For widows whose husbands died during military service and the terrorist attacks of Sept. 11, 2001, the nonprofit Tuesday’s Children hosted a retreat that helped with a grief known only by those who have lived it firsthand.
United by tragedy, half the women to attend the Sept. 7-10 retreat are Tuesday’s Children members who lost their husbands on 9/11, while the other half represent the American Widow Project group that assists military widows. And in the days leading to the anniversary of a tragedy that devastated the entire nation, this sisterhood has helped women break through their shared grief.
Christie Coombs’ husband Jeffrey was aboard American Airlines Flight 11 when it crashed into the World Trade Center on 9/11.
“Thirteen years seems like a long time,” she told TODAY, “but when you're dealing with grief and a national tragedy that comes up every year, having the support of people living that world with us is extremely important.”
Retreat participants bonded through activities and conversations, fostering solidarity and allowing them to share wisdom.
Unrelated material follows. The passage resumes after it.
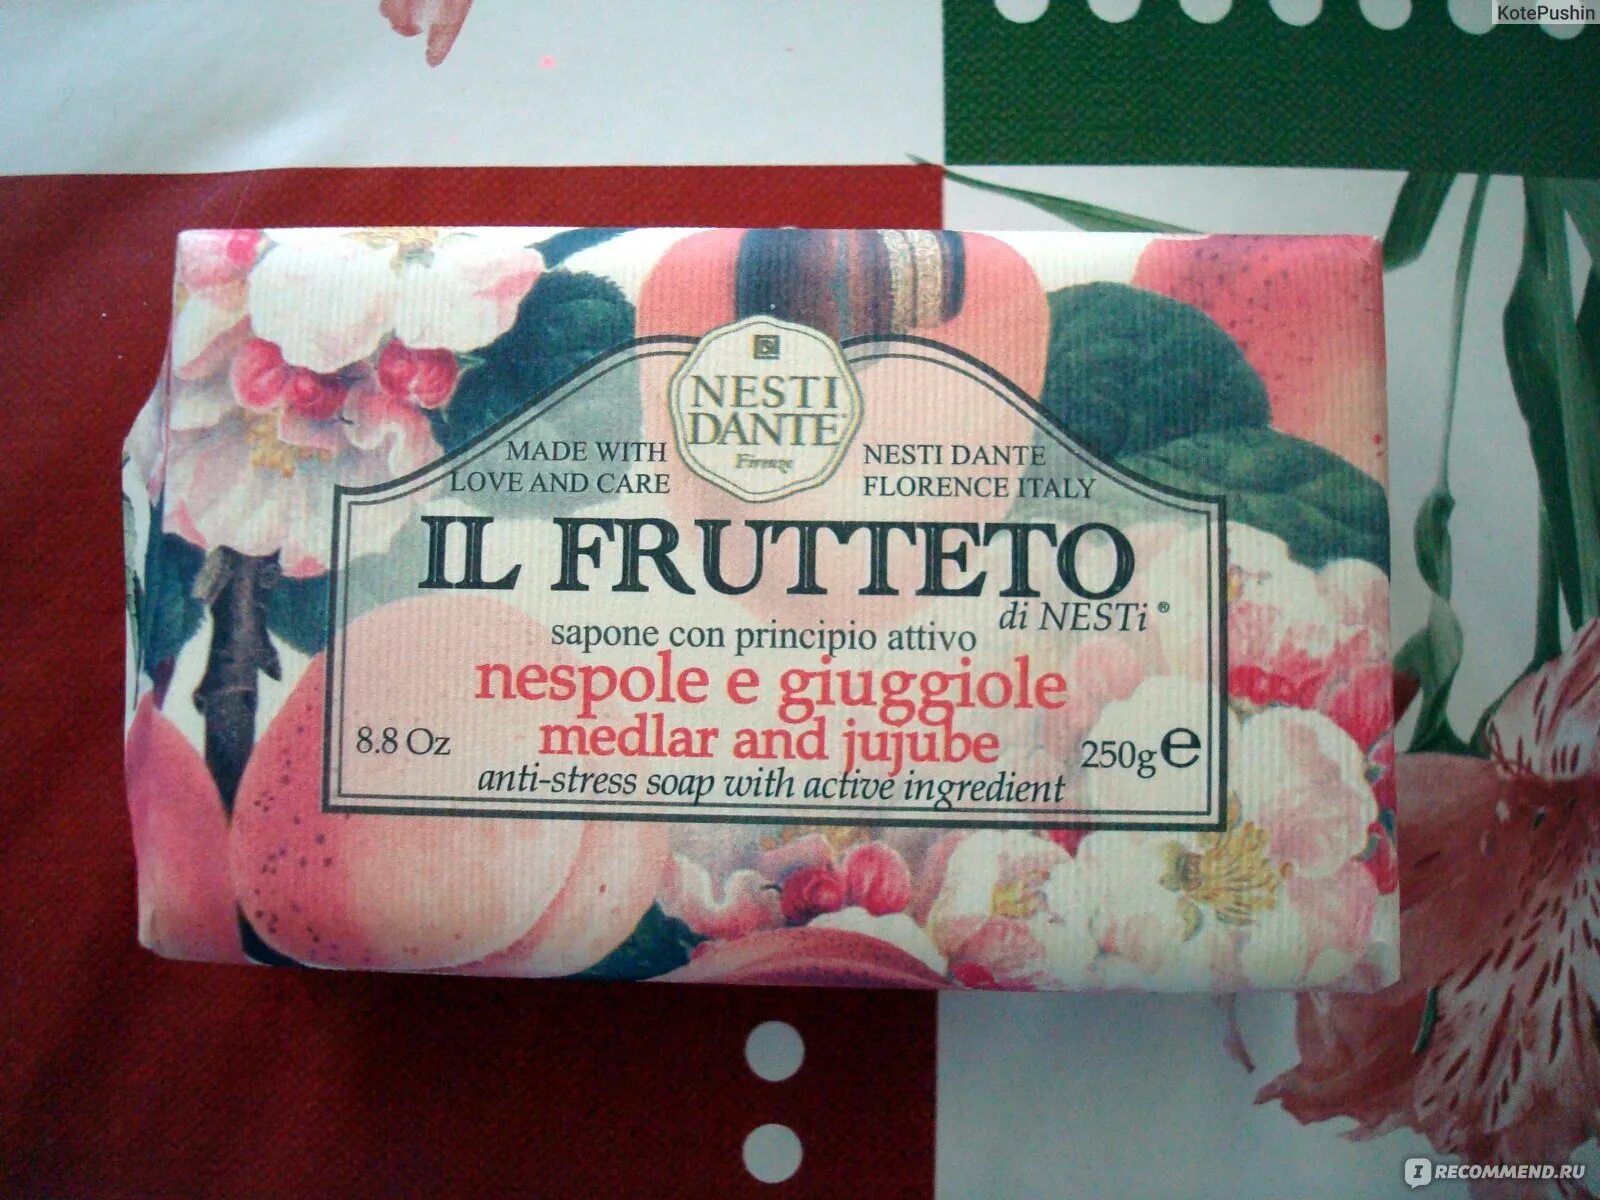 Мыло воняет. Il Frutteto мыло. Мыло туалетное нести Данте. Мыло с запахом цветов. Летуаль Nesti Dante.

In one strength-building exercise, each woman broke an arrow to represent the tragedy of losing a spouse, then turned to a wall that displayed a set of positive goals.
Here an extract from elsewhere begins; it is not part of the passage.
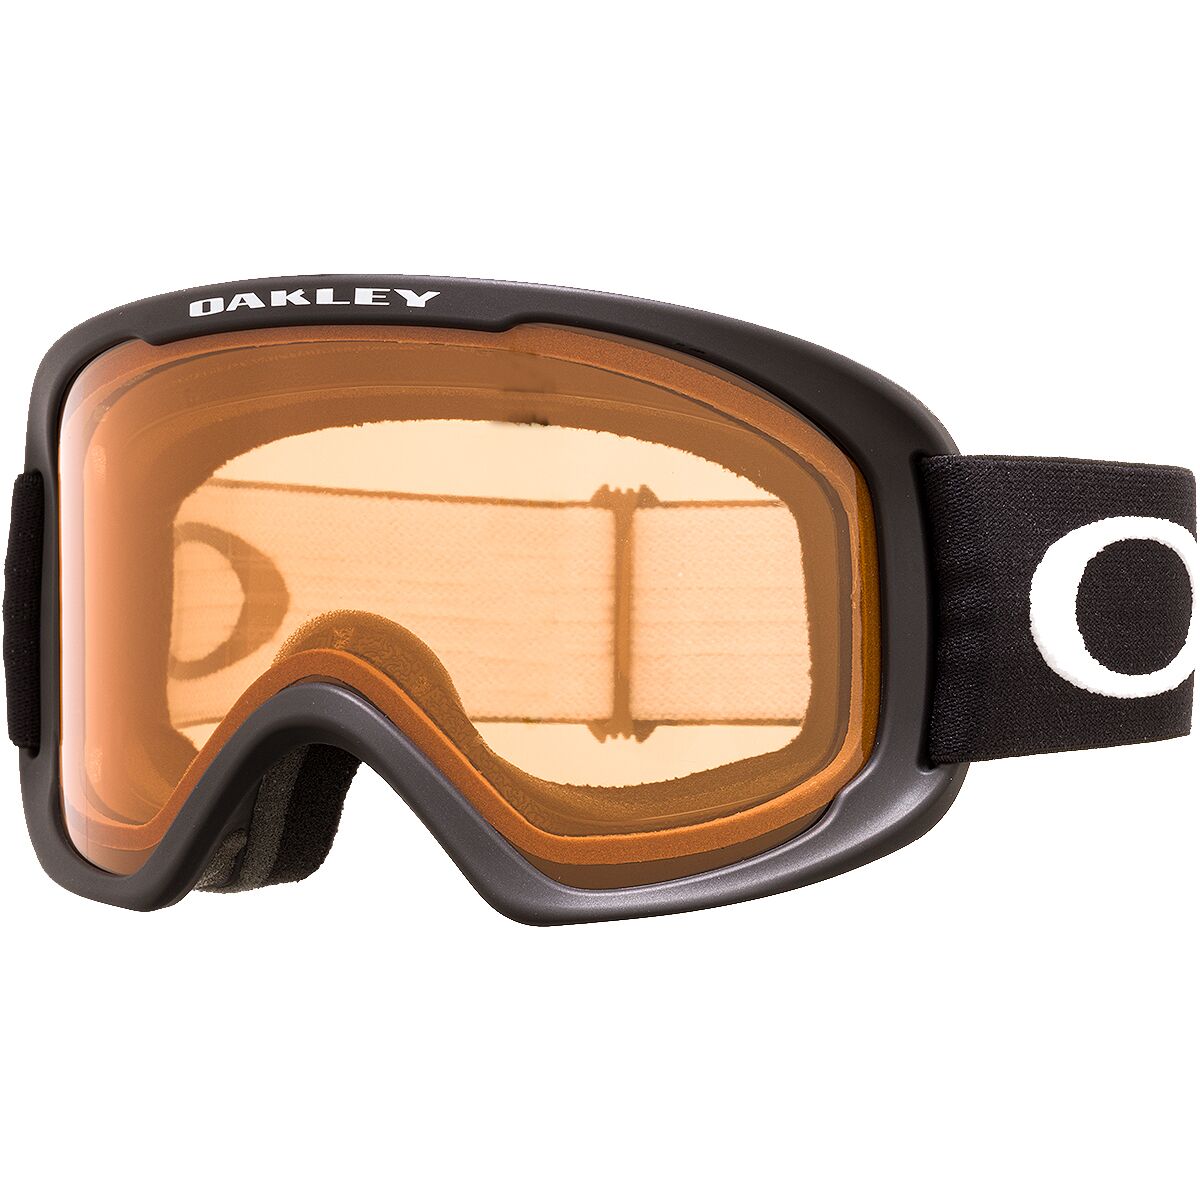 Photos - Ski Goggles Oakley O Frame 2.0 Pro XL Goggles

"For the majority of the women, this is their first time to see it's OK to smile,” American Widow Project founder Taryn Davis said. “It's OK to laugh and, even more so by doing it, their husband and his sacrifice is not being forgotten."
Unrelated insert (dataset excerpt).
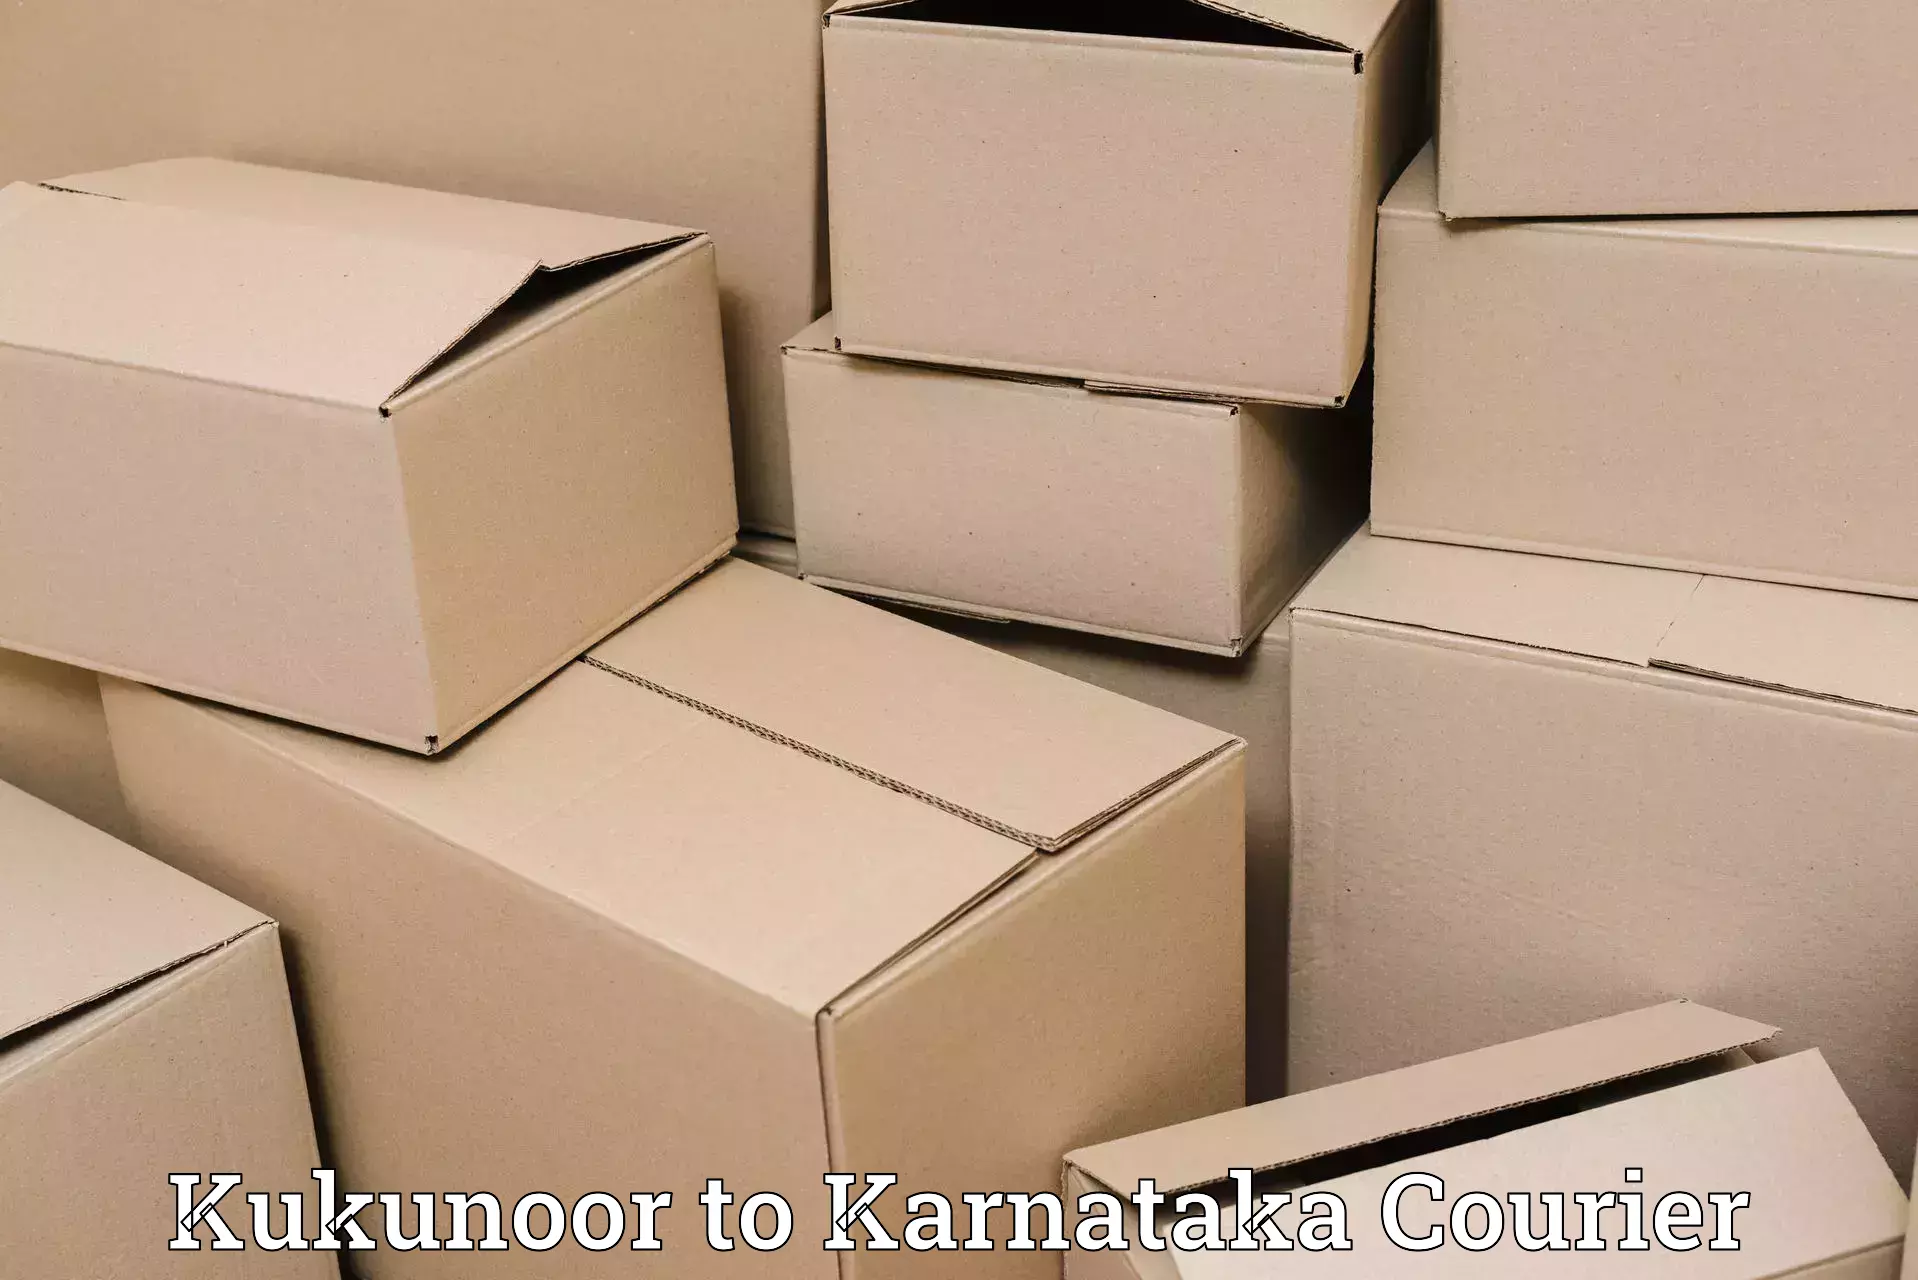 Customer-centric shipping Kukunoor to Haliyal

Davis was just 22 when her husband, Army Cpl. Michael Davis, died in Iraq in 2007. Her group has taken military widows on adventures, including skydiving, as a reminder that it’s possible to move forward following a devastating loss.
“So many of the women we serve, their husbands joined because of what happened on 9/11, and lost their lives in Afghanistan and Iraq,” she told TODAY. “And to be here this week and meet the women on the other side, [whose husbands] gave their life on 9/11, it's kind of like giving them both the knowledge that their sacrifice at least between those two people was not in vain.”
Dana Douglass Swann, who attended the retreat, can relate. “Sometimes we don't laugh because we think we need to act a certain way,” she said. “Especially when you're in it the first year, or even the first six months, you're supposed to act like a widow. The label is on — ‘You're a widow’ — so, that means you're not supposed to be smiling, [but] it's OK to laugh, it's OK to cry, it's OK to move on, and it's OK to live, because we're still left here on this earth to live. And that's what we need to do."